Andy Olsen

Rolling in the REAP: Rural Energy Funding Renewed

The House of Representatives is quickly working its way through bills to fund the federal government for next year. These are BIG bills, but in these BIG bills are individual programs that bring important resources to people and places.

One such program is the Rural Energy for America Program – REAP – which helps farmers and rural small businesses invest in and benefit from energy efficiency improvements and on-site renewable energy. REAP brings much needed savings and important environmental benefits across the country. ELPC has been a champion of REAP from its start in the 2002 Farm Bill. You can learn a bit about REAP and our work here and get more information about the program here.

This year, ELPC led a diverse coalition in sending a letter to Congress in support of robust REAP funding for next year. We called for $50 million in funding as called for in the 2018 Farm Bill, robust discretionary (additional) funding to ensure more farmers and rural businesses would benefit.

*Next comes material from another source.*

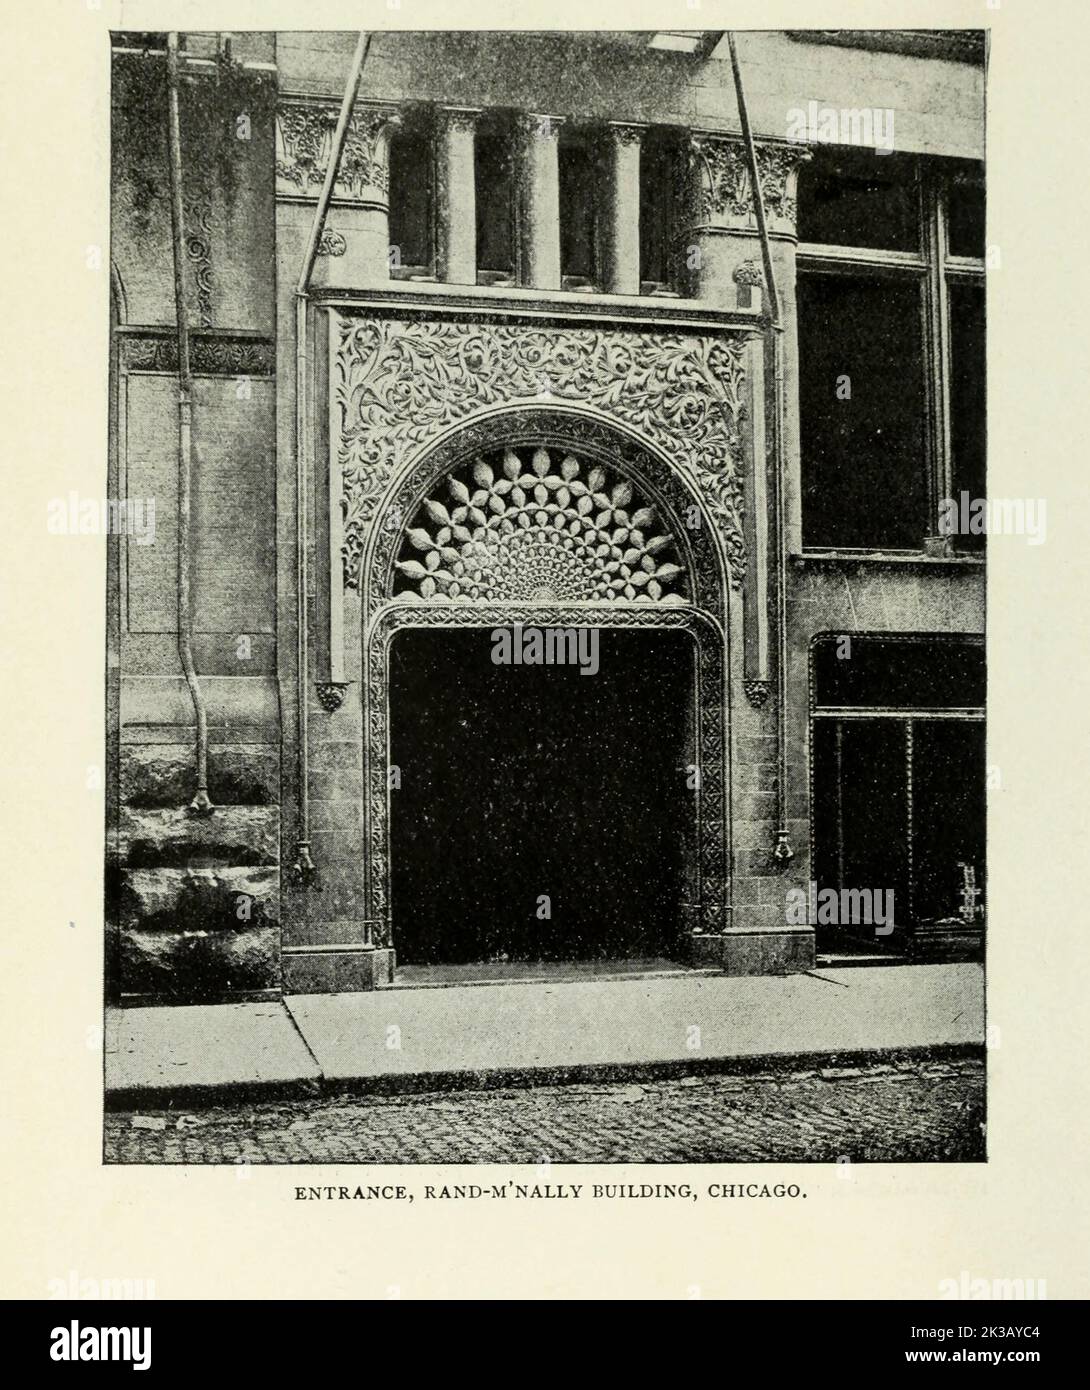 Entrance to Rand-M'nally Building, Chicago from the Article THE USE OF TERRA-COTTA IN MODERN BUILDINGS. By George M. R. Twose.  from The Engineering Magazine DEVOTED TO INDUSTRIAL PROGRESS Volume VIII April to September, 1895 NEW YORK The Engineering Magazine Co Stock Photo

But we also urged members of the Appropriations Committee to provide some important direction to the US Department of Agriculture which administers the REAP program. Specifically, our letter asked for the creation a reserve fund to support a diverse set of renewable energy technologies, which farmers, ranchers, and rural small businesses want to deploy.

So, we have some good news!

On July 9th, the House Appropriations Committee passed its FY21 Agriculture Appropriations bill that includes:

  • Full mandatory funding of $50 million for REAP for FY21; and
  • Additional funding of $476,000 to support additional loan guarantees to agricultural producers and rural small businesses for energy efficiency and renewable energy.

Beyond the funding levels (which are important) there are two NEW provisions which reflect the requests we made in our letter and will accelerate important investments in renewable energy.

  • There is new language directing USDA to establish a reserve fund to help diversify the range of renewables receiving funding.
  • There is also a new pilot program for renewable energy grants of $10 million.

These two provisions together will help fund more renewable energy projects and help a broad set of technologies to get deployed including more small wind and anaerobic digester projects.

Given that the rural economy has been hard hit, saving money on energy through efficiency and producing electricity with wind or solar projects benefits farmers. In addition, through REAP, farmers and rural small business are part of the climate solution. If you are interested in how REAP actually works on a farm, here’s just one example.

The bill now heads to the House floor by the end of the week, and we await action in the Senate. This is a good start.

Andy Olsen,

Senior Policy Advocate

Andy Olsen is a senior policy advocate at ELPC, leading the Farm Bill Clean Energy and Rural Solar programs.